In 1963, tobacco farmer William D. Zantzinger was convicted of manslaughter and sentenced to six months in jail plus a $500 fine for killing Hattie Carroll, a barmaid at a society charity dance.

Zantzinger "killed poor Hattie Carroll with a cane that he twirled around his diamond ring finger at a Baltimore hotel society gath'rin' ...," sings Dylan. "In the courtroom of honor, the judge pounded his gavel to show that all's equal and that the courts are on the level. And that the strings in the books ain't pulled and persuaded and that even the nobles get properly handled."

The conference also offers intellectual counterpoints.

Dylan "wrote some very powerful songs about what happens to folks when the system, and when the law, fail them," said Richard H. Underwood, a professor at the University of Kentucky College of Law.
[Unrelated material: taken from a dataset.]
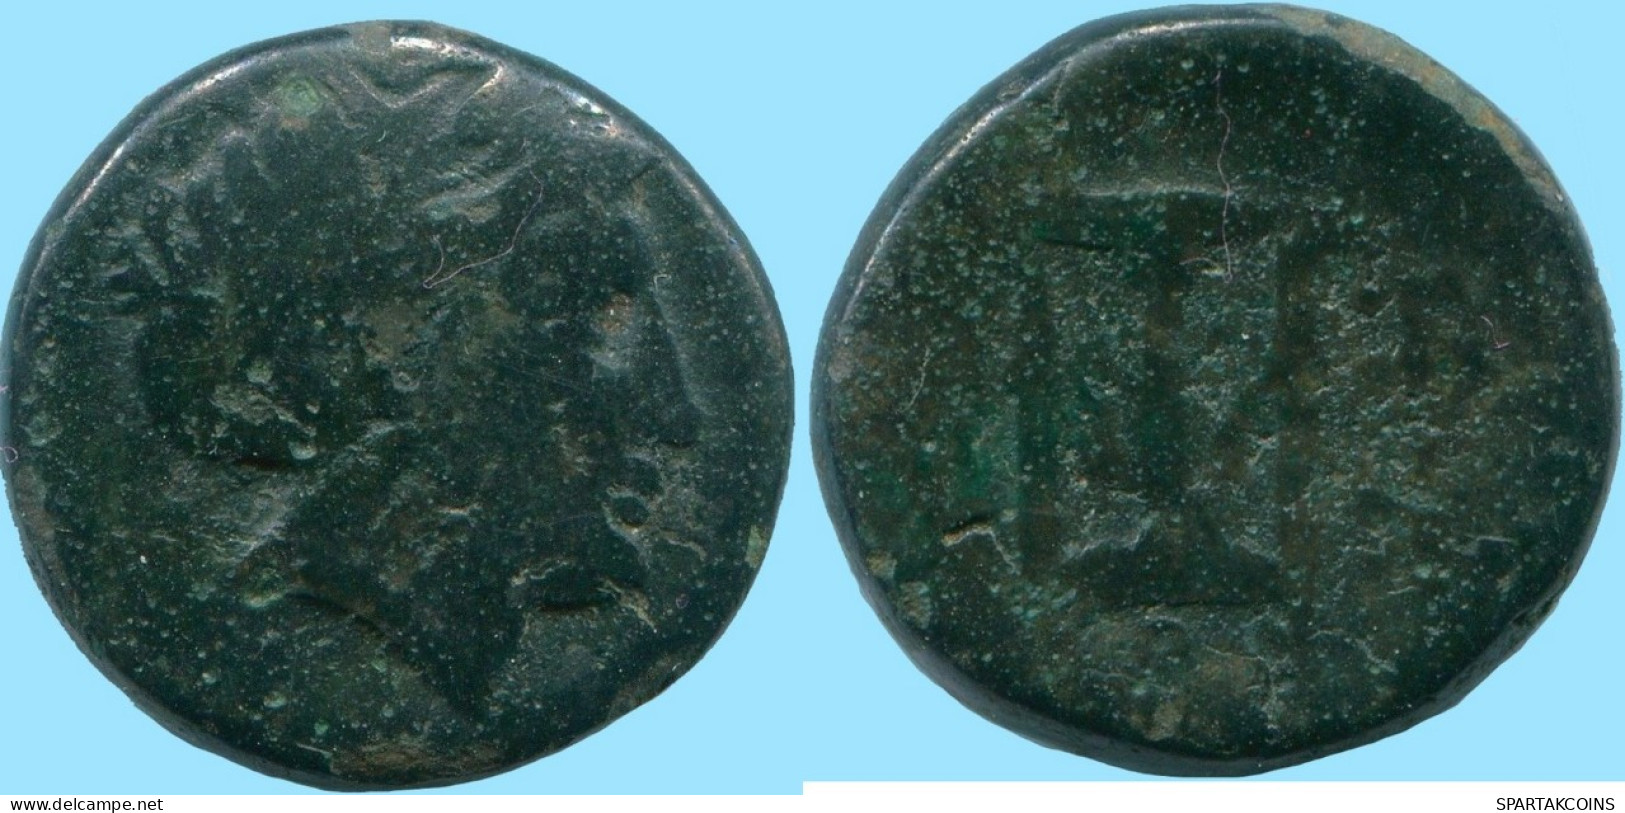 Auténtico Original GRIEGO ANTIGUO Moneda 6.36g/17.61mm #ANC13408.8.E.A - Greek

But while Dylan was inspired by real-life cases, Underwood said, he "was not necessarily concerned with true facts. He took a lot of poetic license."

"I must say, Dylan never lets the facts get in the way of a good story," agreed Abbe Smith, a Georgetown Law School professor who's also an expert on Bruce Springsteen and the law.

Though "beautiful," she said, the Hattie Carroll ballad is "not exactly accurate." Among other things, Dylan misstated the charge; and there was "reasonable argument that the cause of the death was not a blow to the head," but Carroll's poor health.

Dylan has "a kind of stark, if not simplistic, view of guilt and innocence," said Smith. "It may be the stories he picks, or how the story gets told in something as relatively short as a song."

And how, Smith is asked, might Dylan view lawyers?

"I think he probably likes lawyers better than judges," she said with a chuckle. "I think he probably would like lawyers who fight for the little guy. He would not like Holden Caulfield from 'Catcher in the Rye.'"

Coincidental to the conference will be the April 12 release of a Dylan recording from a long-ago folk festival in Waltham, Mass.

The set list from that appearance included "Ballad of Hollis Brown," which relates what Dylan has said was the true story of how "seven shots ring out like the ocean's pounding roar. There's seven people dead on a South Dakota farm."
The new release's title? "Bob Dylan in Concert - Brandeis University 1963." The school was named for the late U.S. Supreme Court Justice Louis Dembitz Brandeis.